軍人の言う政治なんて大した事ない。今、ラリーの中では軍人としてのプライドとティムの言った事を理解しようと戦っていた。
自分はあまり勉強はしてない。飛ぶことが好きなだけだ・・・。ただ、それだけで、家計を支えるために言われるがままに軍に入った。
そして、国に尽くしてきた。そして、あの死んでいった反政府軍の兵隊の事を思う。そう振り返りながら、ティムの身を案じていた。
その後、ラリーは少しため息を吐いた。夜、ニートベルトはベルカの友人と名の知れたレストランで食事をしてから、
とりとめのない話をして、レストランを出て、友人とのその日の夜の別れの所だった。
抱きしめて、キスをして、外に出た。そのまま、酔ってタクシーを探して、それに乗り込んだ。

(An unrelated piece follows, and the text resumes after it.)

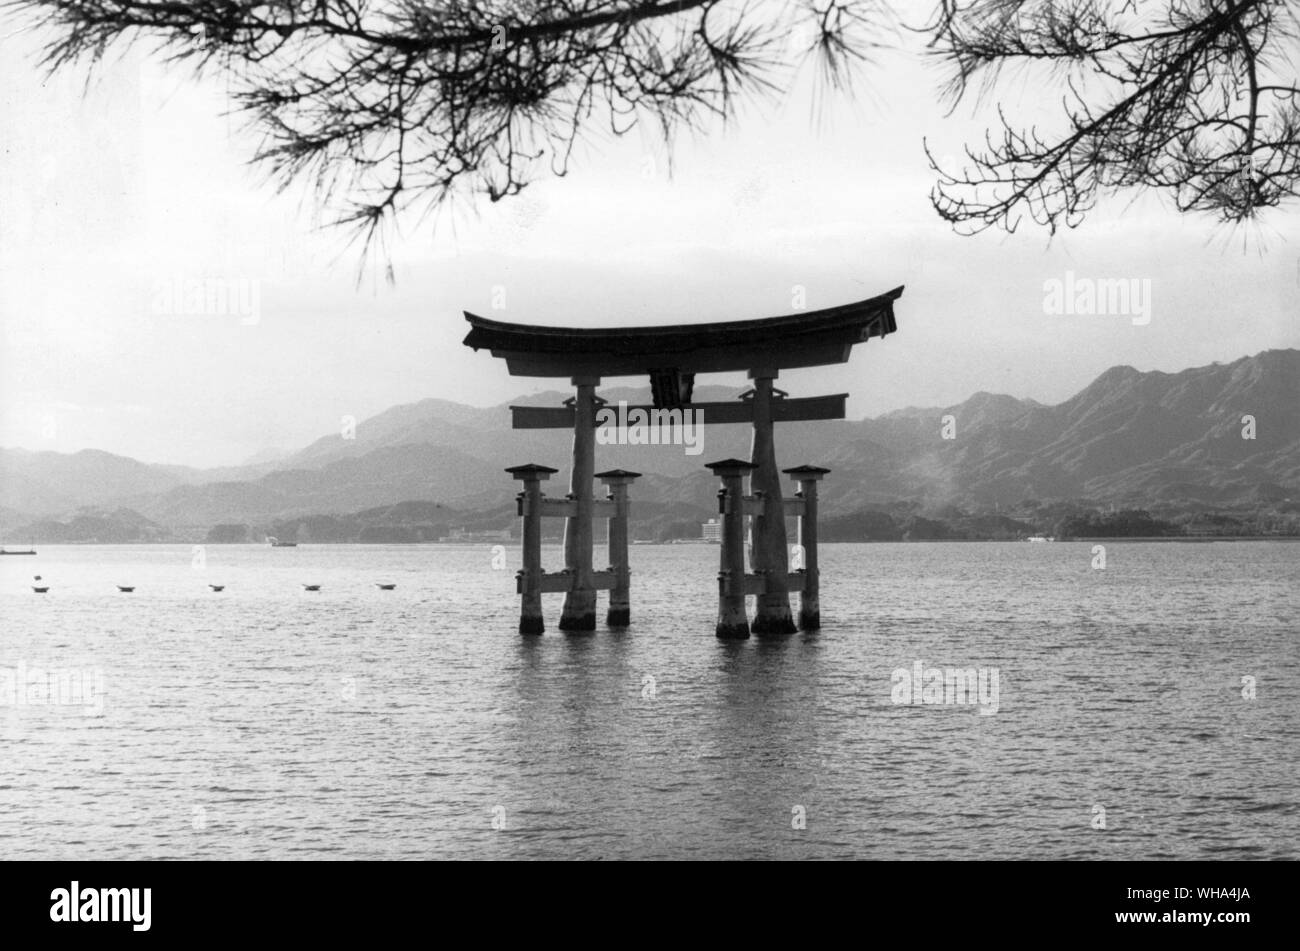 In Giappone , l'isola di Miyajima. L'enorme di legno di camfora Torii 14m alto è la simbolica Porta d ingresso al Santuario scintoista di Itsukushima decimo secolo dal mare. Eretto 1875 Foto Stock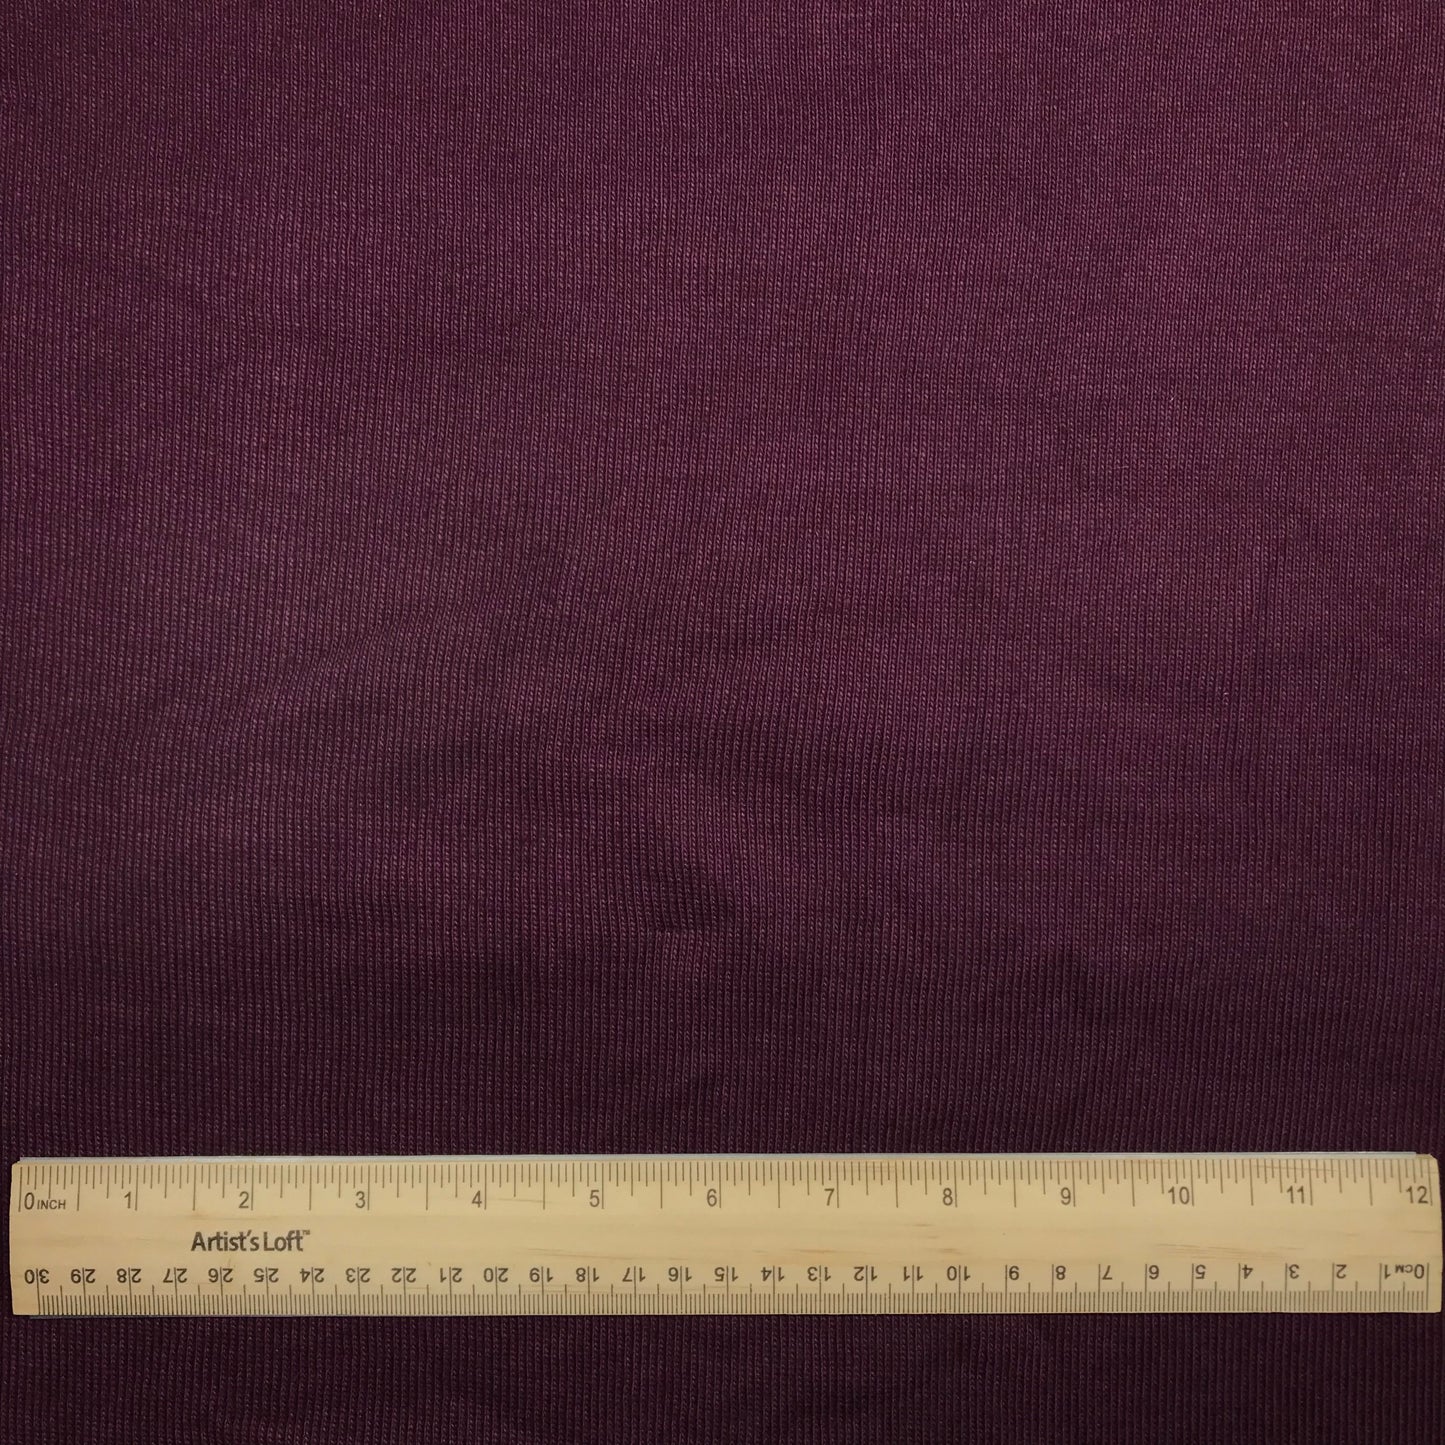 3/4 Yard Dark Purple Tubular 1x1 Rib Knit Remnant

「旦那さん。何処までかね」とタクシーの運転手は言う。
「フィフイシア大通りまで」
「大分、酔ってるね。あいわかりました」
そのまま、ニートベルトは、自分の腕時計に目をやった。
時間は、10時を回っていて、大都会でもないから、人通りは少ない。
だが、ニートベルトは、運転席の鏡から、
自分がタクシーを見つけた時からじっと跡を付けている黒い車がいる事に気ずいた。
ニートベルトは、タクシーの運転手に、
「あの後ろの黒い車を振り切ってくれないか?」
「どの車です?」
「あの、乗ってからずっとぴったりと付けている車だ」
「お客さん、面倒は困るよ、うちの商売だから」と言った。
ニートベルトは、それを聞くと、軍の証明書を見せて、
タクシーの運転手にチップを手渡した。
運転手は、うなずくと、タクシーを大通りに繋ぐ別の道に変わろうとした。
「別に大通りにすぐ行く道じゃなくてもいいんだ。あの後ろの奴をまいてくれて、
そのうち通りにつけばそれでいい」と、ニートベルトは言った。タクシーの運転手は、ミッションのギアを入れて、少しずつ速度を上げた。
後ろの黒い車は、それに気ずいたのか、速度を緩めた。
ニートベルトはあまり気もせず、運転手に不況だとか、生活苦だなんて話に色々と答えていた。
そうするうちに黒い車は見えてこなくなった。
角を曲がった所でニートベルトは、
「ここでいい。フィフィシア大通りまでは歩くよ」と言った。
「はは、お客さんが振り切れっていうから、最初面倒になるんじゃないか困った」
「お金で今日はいい物を買いなさい」
「ありがとう」と運転手は申し訳なさそうに言った。
角を曲がり、大通りに急ぎ足で向かった。
3つ目の角を曲がった所で、ニートベルトは再び時間を確認しようと、腕時計に目をやる。
時間は11時を回っていて、その日はそのまま帰宅した。
翌日に、ニートベルトは、軍の関係の資料を手に入れるため、軍の資料館に足を運んだ。
資料室は地下にある。
眠たそうな警備員に、自分の軍の自分の証明書を見せてパスすると、
資料室の多くの非開示文章の資料を探していた。
資料館は綺麗であり、ざっと見ただけでは埃が感じられない。
暗めの照明だった。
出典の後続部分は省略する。